The Millionaire's Snowbound Seduction

By: Sandra Marton



He pulled up outside the garage and got out to open the door. The snow, and the wind, hit him with enough force to take his breath away but he bent his head against it and grasped the handle of the garage door.

‘Damn!’

How could he have forgotten? The door was electric. It wouldn’t move an inch no matter how much muscle you applied and, of course, he’d forgotten to have somebody send him the automatic opener.

Well, that was life. He’d have his work cut out for him, digging the truck out from under umpteen inches of snow tomorrow morning. He trudged back to the Explorer, opened the door and stuffed his cellphone and his wireless fax into his pockets, hung his carryon and his computer case from his shoulders, and hefted a box of supplies into his arms. Steak, potatoes, a couple of onions and a bottle of single-malt Scotch. The basic food groups, enough to hold him through the weekend. He slammed the door shut with his hip, dug the key to the cabin from his pocket, and made his way to the front porch.

Damn, Nick thought as he climbed the wooden steps. He’d forgotten to bring coffee. Well, he’d have to make do with a shot of the Scotch to warm his bones, and then he’d fall straight into bed. It sounded like a mighty fine plan.

He wedged the box against the door, fumbled for the lock and turned the key. The door wouldn’t open. He scowled. Was there an unwritten law that said doors had to stick when a man was freezing his ass off on the wrong side of them? Nick grunted, shoved hard, and almost fell into the cabin as the door groaned noisily and swung open on a yawning blackness.

‘Idiot,’ he muttered.

He had a flashlight, but it was inside the box. And to put the box down without walking into something, he needed to be able to see.

There had to be a light switch on the wall. He seemed to remember one, to the left…

‘Come on,’ he said impatiently, as he felt for the switch. ‘Where are you hiding? I know you’re there.’

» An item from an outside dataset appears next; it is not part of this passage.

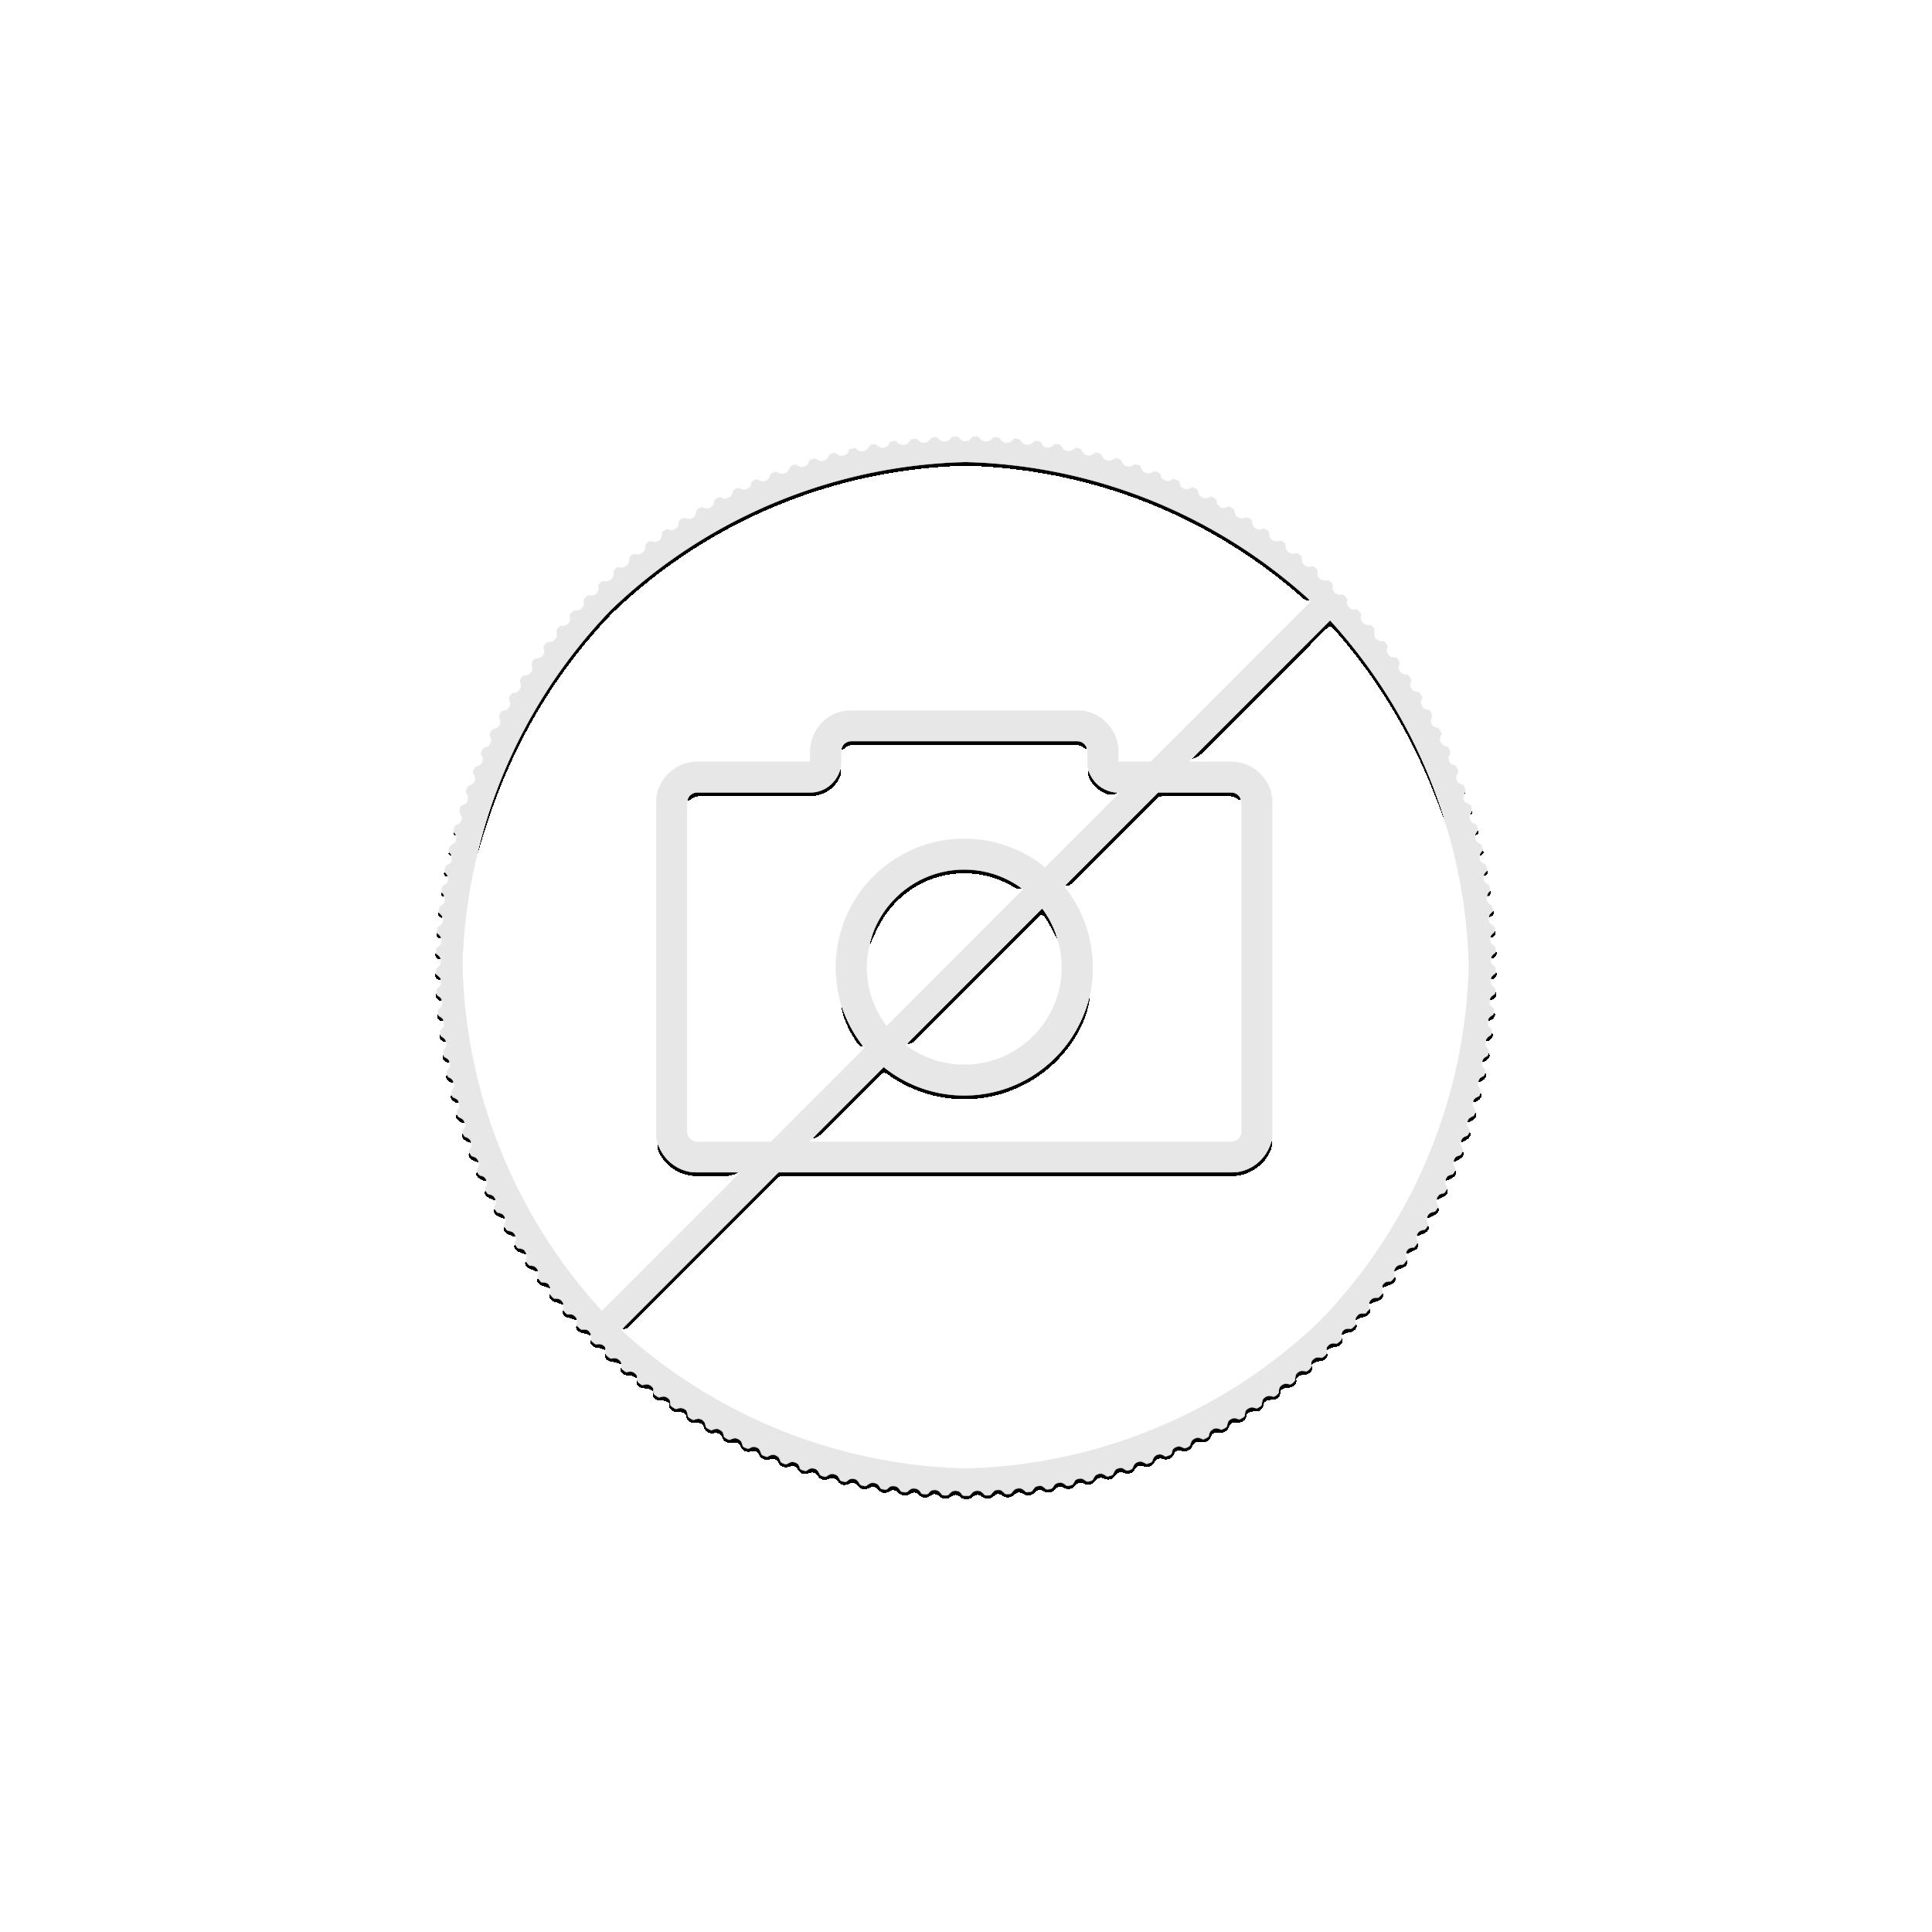 500 Gram zilverbaar diverse producenten

Something swished past his face. He sensed it coming just quickly enough to duck before it connected with his skull.

‘Hey! What the…?’

A creature flew at him from out of the darkness, shrieking like a banshee. Nick yelled, threw up his arms to ward the thing off, and went down in a heap, box, carry-on, computer and all.

The creature was right on top of him.

Talons dug into his shoulder, went for his eyes. Warm breath hissed onto his face. Was it a bobcat? A lynx? A mountain lion? No, not that. There were no big cats here, weren’t supposed to be, anyway. A wolf? Gone for at least a hundred years, but people said…

‘Perfume?’ Nick whispered.

What kind of cat wore perfume?

The thing began trying to scramble away from him. Nick grunted. His hand closed on something fragile and bony. An ankle? A wrist? Did cats have ankles and wrists?

Perfume. Delicate bones…

Nick’s eyes widened against the darkness.

‘Bloody hell,’ he said. ‘You’re a woman!’

And then something hit him hard, in the back of the head, and he slipped down and down into deepest, darkest night.

* * *

Holly stood over the unconscious intruder and trembled with fear.

Was he dead? Had she killed him?

At first, she’d thought she was dreaming. She’d been lying in bed, still shaking with cold despite wearing her long johns, wool socks, a hat and her New England Patriots sweatshirt, buried to the tip of her nose beneath half a dozen quilts, busily telling herself there was nothing the least bit spooky about being alone on the top of a mountain with no lights and a blizzard raging outside, when she’d heard something.

A sound. An engine.

Good, she’d thought. The snowplows were out.

Snowplows? Back home, in Boston, yes. But here? On the top of this mountain?

Holly’d shot up in bed, her heart pounding. The night was so still. Every sound seemed magnified a hundred times, and each had sent a wave of terror straight through her.

The thud of a car door. The scrunch of footsteps in the snow. The thump of booted feet mounting the steps, crossing the porch. The sound of the front door being battered open.

That was when she’d moved, jerking out a hand for the portable phone on the night table, remembering even as she put it to her ear that the damned thing wouldn’t work with the power out. Petrified, almost breathless with fear, she’d looked around desperately for a weapon. Something. Anything.